The film Krasinski and Michael Bay both served as producers on the film and were both in attendance to lend their support for Sarnoski.
“They were they were both so sweet and so supportive of it, and they gave me some beautiful congratulations,” Sarnoski said. “It’s really fun talking to someone like Michael Bay, who you think of as making these huge movies and is untouchable. Then he’s pointing out these like subtleties of the movie and lens choices. He was very sweet and intelligent about the way he approached that stuff.”

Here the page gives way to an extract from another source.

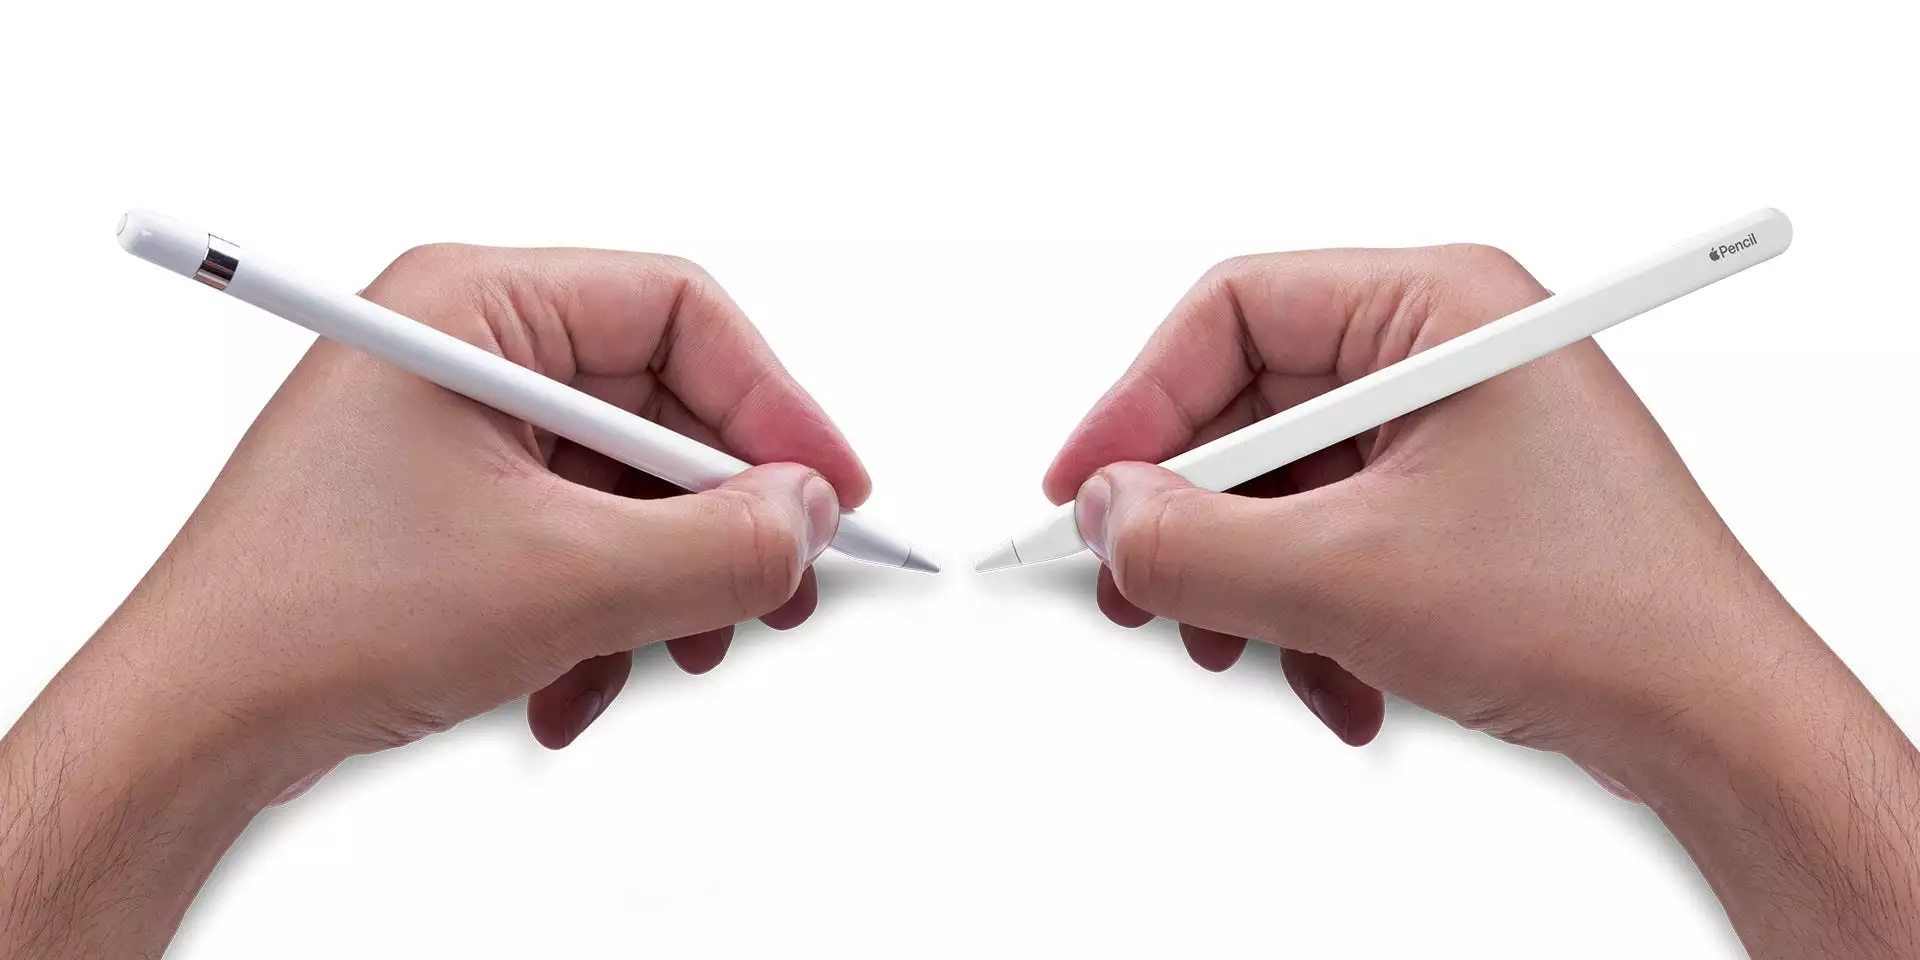 Apple Pencil 是 iPad 用户的最佳触控笔 - 这是获取和使用方法

Krasinski and Bay weren’t the only ones dishing out advice to their colleagues. Nyong’o shared some words of wisdom with Quinn about joining the Marvel Cinematic Universe. She played Nakia in Marvel’s “Black Panther” movies, while Quinn is set to star as Johnny Storm (aka the Human Torch) in “The Fantastic Four,” which is scheduled to begin filming later this year.

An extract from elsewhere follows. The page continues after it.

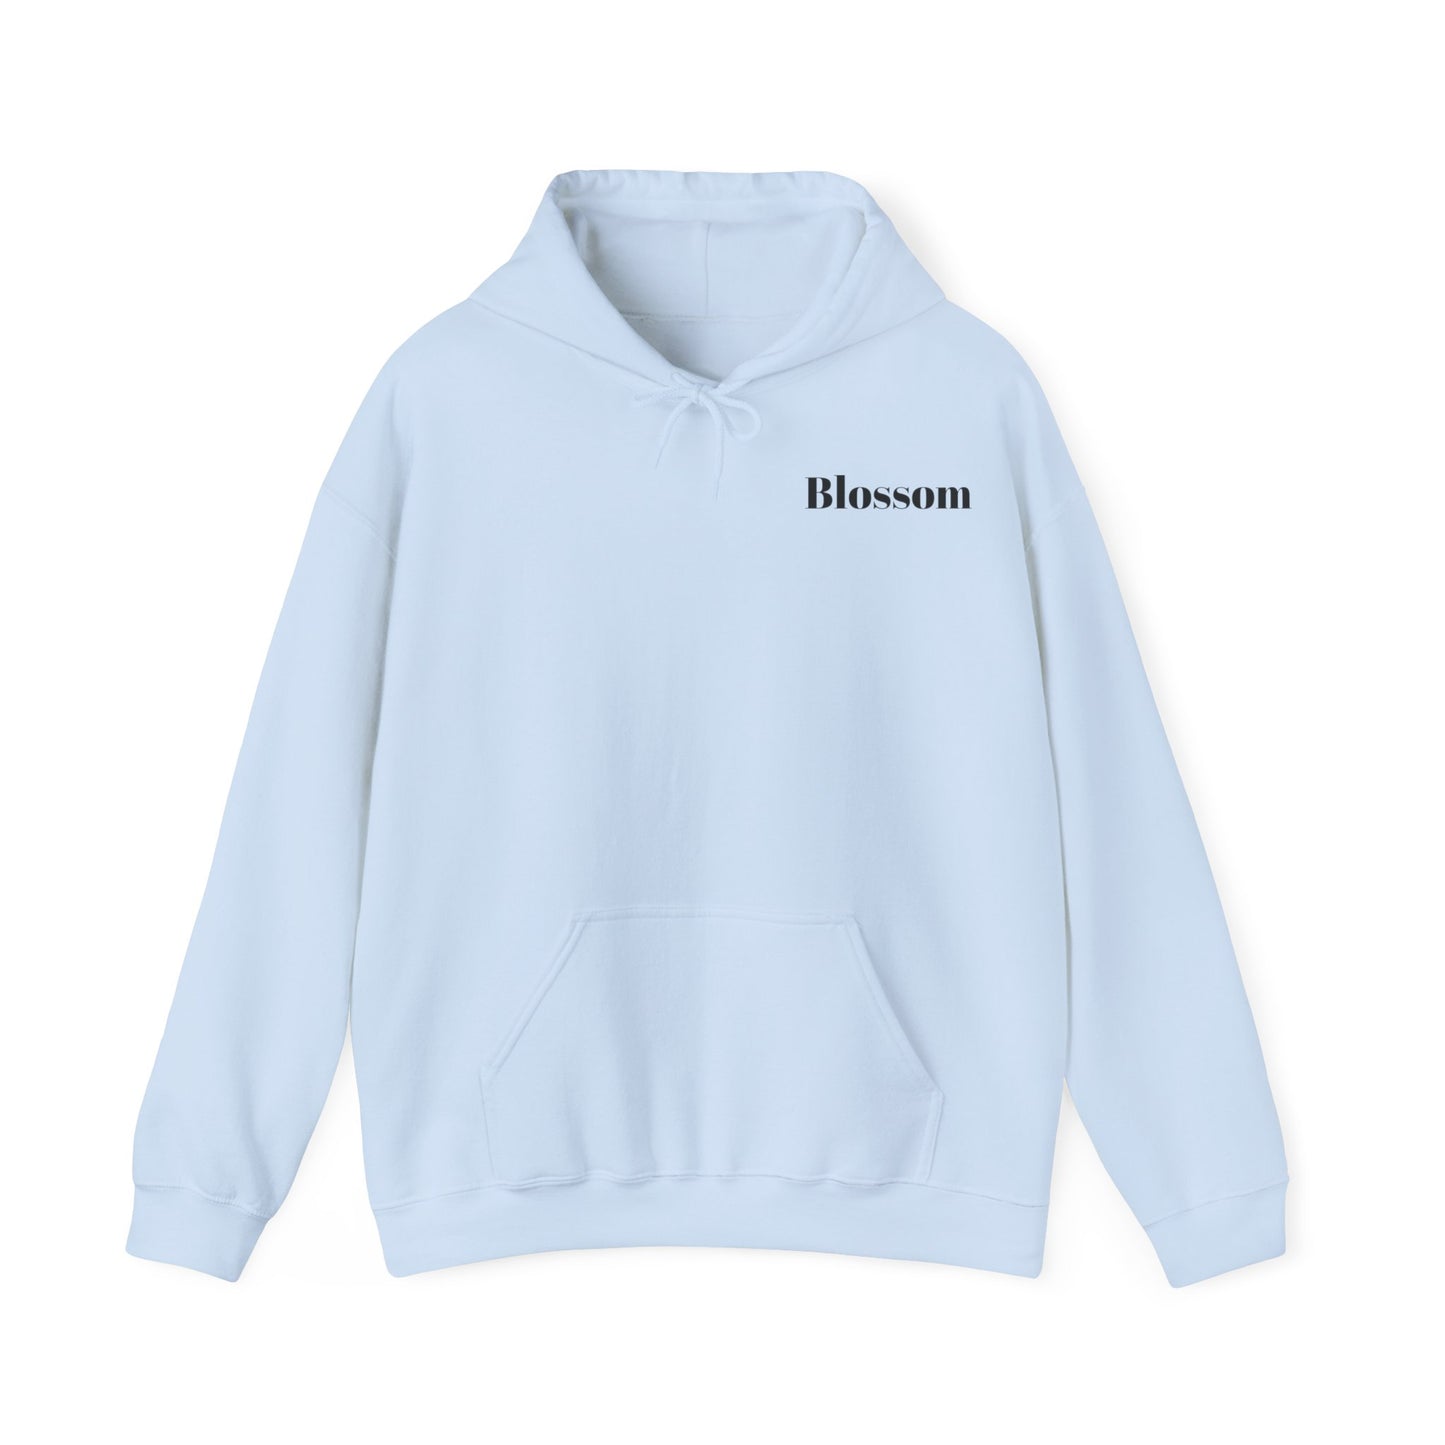 Blossom Unisex Hooded Sweatshirt with Heavy Blend Fabric1

“She told me that it was an experience that I could very much look forward to…” Quinn began, getting briefly distracted by Nyong’o’s shimmering arrival to the black carpet. (“Doesn’t she look gorgeous?” he remarked, interrupting himself.) “She told me to be open-minded and just to commit very hard.”

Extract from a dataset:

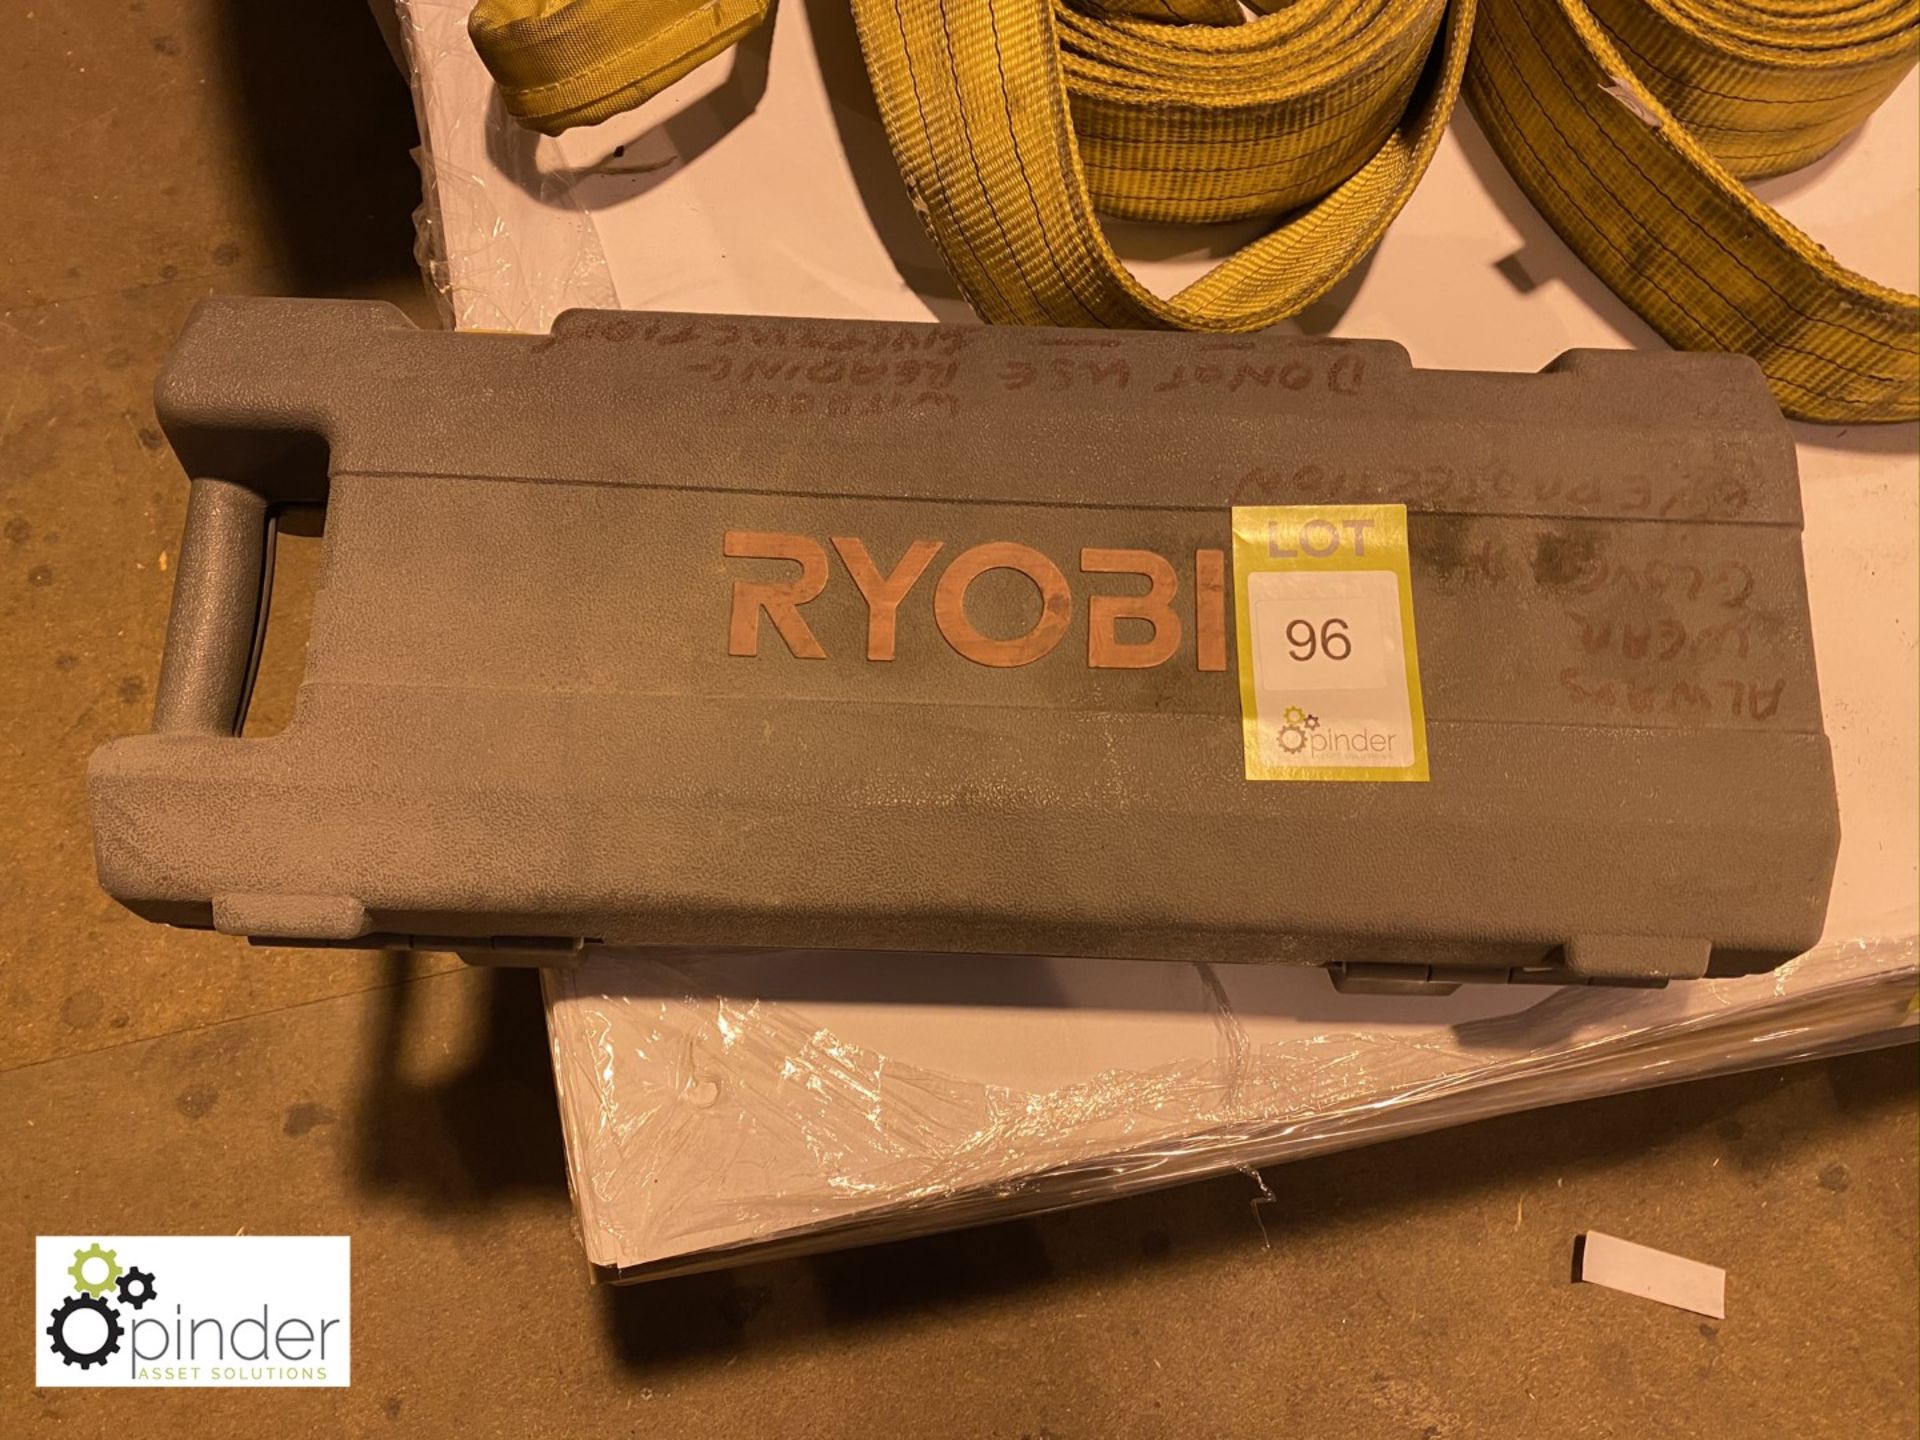 Ryobi ERS-80V Reciprocating Saw, 240volts - Image 2 of 2

It’s just the first of many Marvel connections for Quinn, who also stars in Paramount’s upcoming “Gladiator 2,” the trailer for which is rumored to debut attached to Marvel’s “Deadpool & Wolverine.”
“I haven’t seen a cut of it,” teased Quinn, who plays Emperor Caracalla in Ridley Scott’s Roman epic. “I’ve seen little moments of footage, and it looks like everything that you could possibly want. It’s paying homage to the first film, but very much making it’s its own thing. There’s some fantastic performances in it. And I’m very much looking forward to people seeing it — if not a little nervous about it.”